The differing interpretations of how to determine whether or not a party is an insider is significant for both debtors and creditors because several privileges are dependant upon a party’s insider status, particularly a trustee’s power to avoid a preferential transfer of property to insiders.[17] Taking into account the rise of LLCs as a popular corporate structure,[18] combined with the increase in bankruptcy filings following the recent recession,[19] practitioners, debtors, and creditors need Supreme Court guidance on how to properly analyze a member of an LLC’s insider status.


[1] 431 B.R. 193 (N.D. Ill. 2010).

[2] Id. at 197.

[3] Id.

[4] See 11 U.S.C. § 101(31)(B)(i) (2006) (“The term ‘insider’ includes--if the debtor is a corporation--director of the debtor.”).

[5] 2 Collier on Bankruptcy, ¶ 101.31 (16th ed. 2009).

[6] Longview Aluminum, L.L.C. v. Brandt, 431 B.R. 193, 195 (N.D. Ill. 2010).

[7] Id.; See 11 U.S.C. § 547(b)(4)(B) (2006) (“[T]he trustee may avoid any transfer of an interest of the debtor in property--made--between ninety days and one year before the date of filing of the petition, if such creditor at the time of such transfer was an insider.”).

[8] See Longview, 431 B.R. at 196–197.

[9] See id. at 197.

[10] Id. at 196 (quoting In re Krehl, 86 F.3d 737, 741–742 (7th Cir. 1996)).

[11] See id. at 197 (“Directors are generally provided with authority for managing the corporation and members are generally provided with authority for managing the limited liability company.”).
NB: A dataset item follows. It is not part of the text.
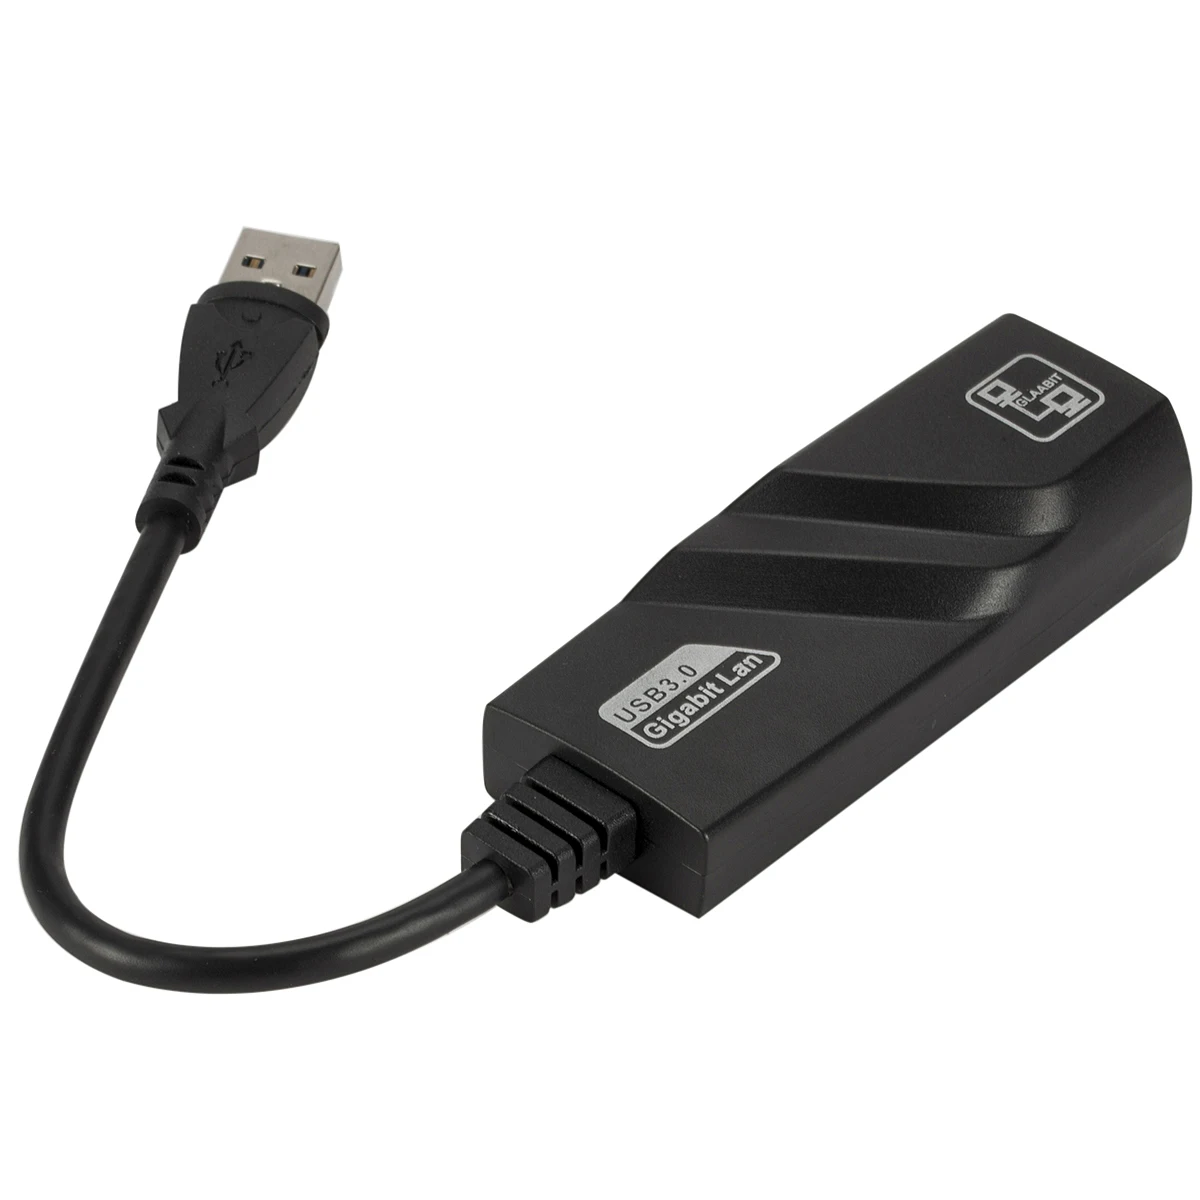 USB Ethernet адаптер сетевой карты Usb 3,0 RJ45 LAN гигабит Интернет для компьютера для ноутбука Macbook USB Ethernet

[12] Longview Aluminum, L.L.C. v. Brandt, 431 B.R. 193, 195, 197 (N.D. Ill. 2010); see 11 U.S.C. § 101(31) (2006).

[13] Longview, 431 B.R. at 197.

[14] In re Krehl, 86 F.3d 737, 741–742 (7th Cir. 1996).
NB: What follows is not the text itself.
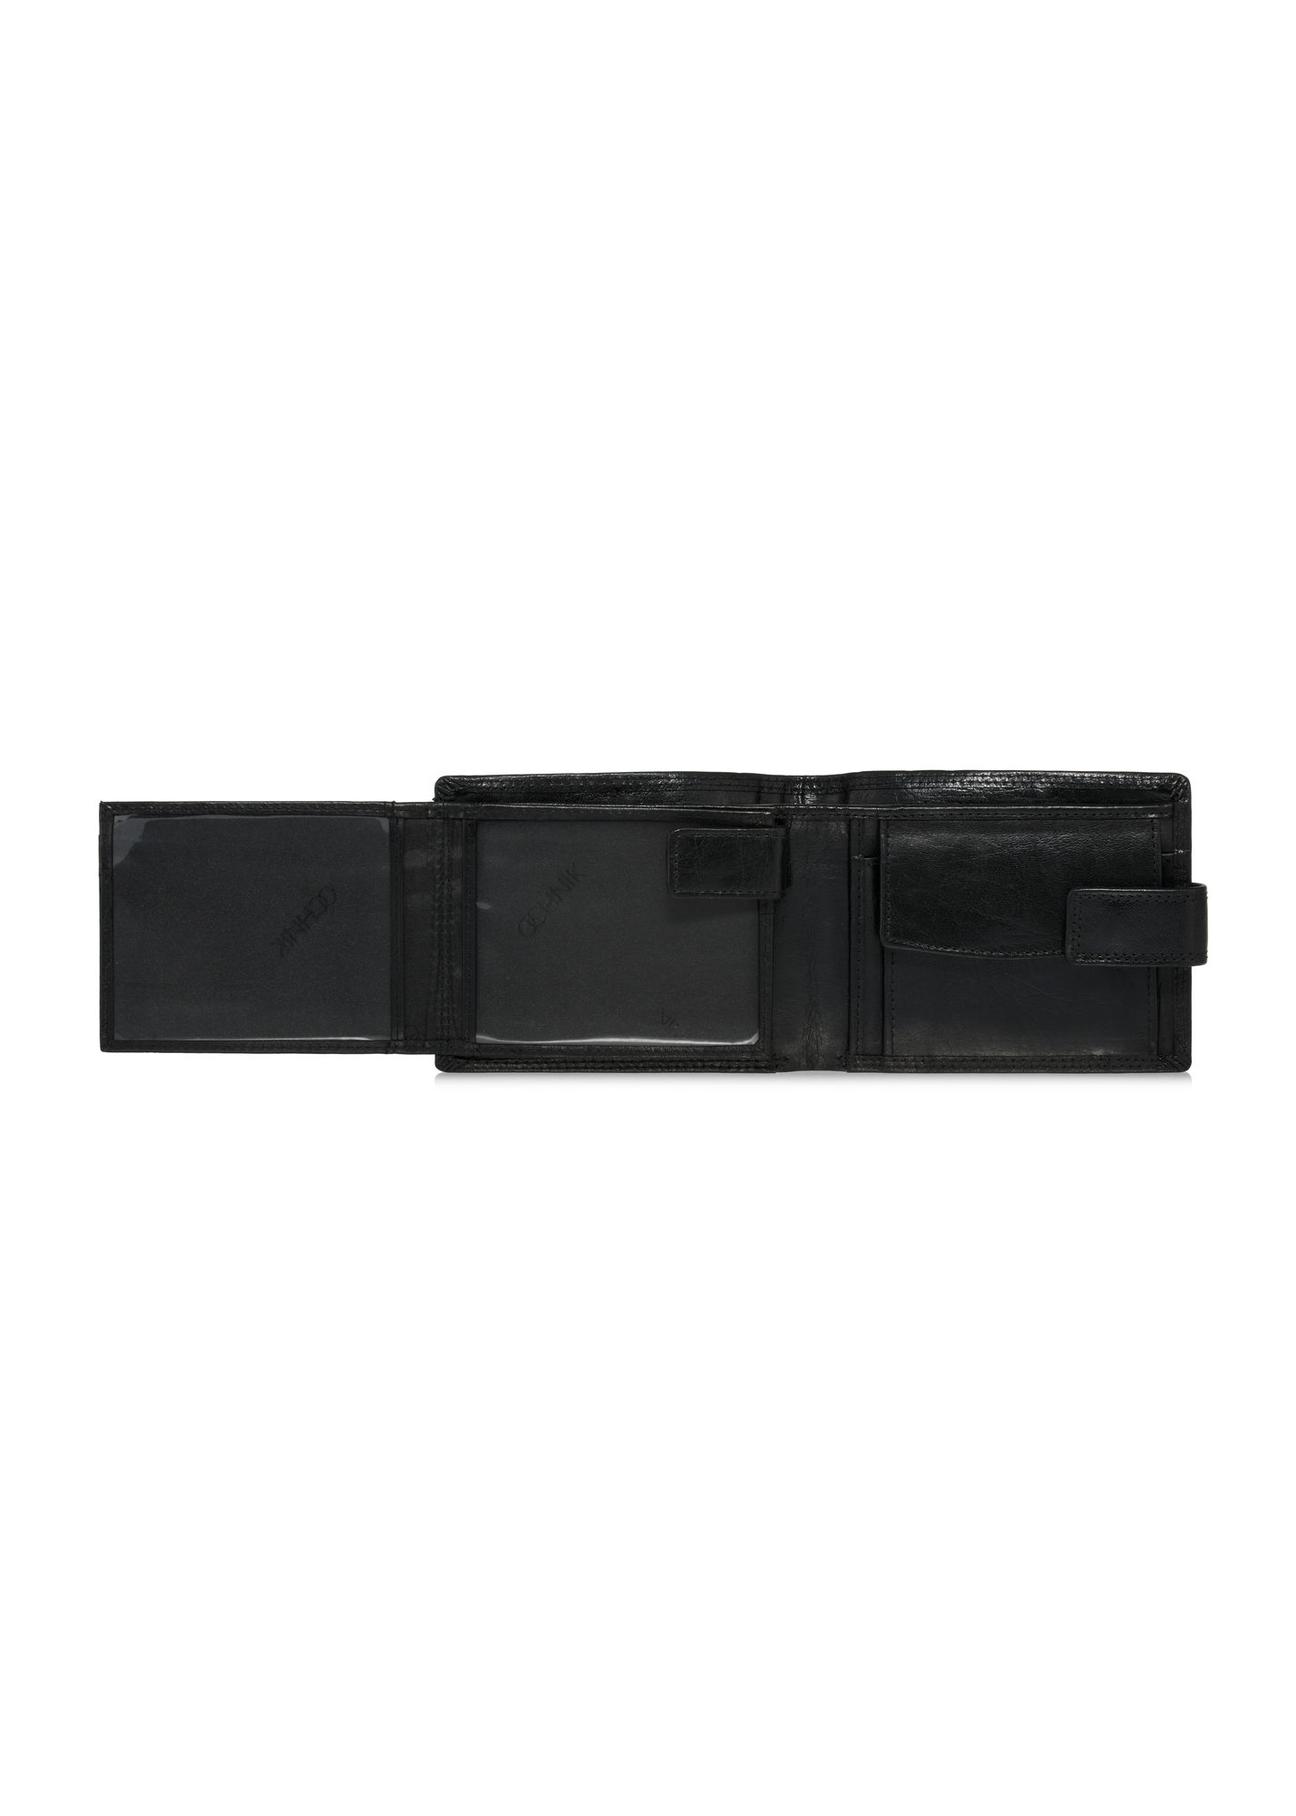 Skórzany zapinany czarny portfel męski PORMS-0553-99(W24)

[15] In re Longview Aluminum, 419 B.R. 351, 355–356 (Bankr. N.D. Ill. 2009) (explaining it is not the title itself that deems someone an “insider,” but the transferee’s legal rights over the entity).

[16] In re Enter. Acquisition Partners, 319 B.R. 626, 633 (B.A.P. 9th Cir. 2004) (citing In re Schuman, 81 B.R. 583, 586 (B.A.P. 9th Cir. 1987)).

[17] See 2 Collier on Bankruptcy, ¶ 101.31 (16th ed. 2009).

[18] See Robert C. Clark, Major Changes Lead Us Back to Basics, 31 J. Corp. L. 591, 592 (2006) (discussing how the law needs to adapt to the increase of LLCs).

[19] See Porcher L. Taylor, III, Fernando M. Pinguelo & Timothy D. Cedrone, The Reverse-Morals Clause: The Unique Way to Save Talent’s Reputation and Money in a New Era of Corporate Crimes and Scandals, 28 Cardozo Arts & Ent. L.J. 65, 81 (2010) (“The Great Recession has triggered a flood of business bankruptcies, and many more are expected.”).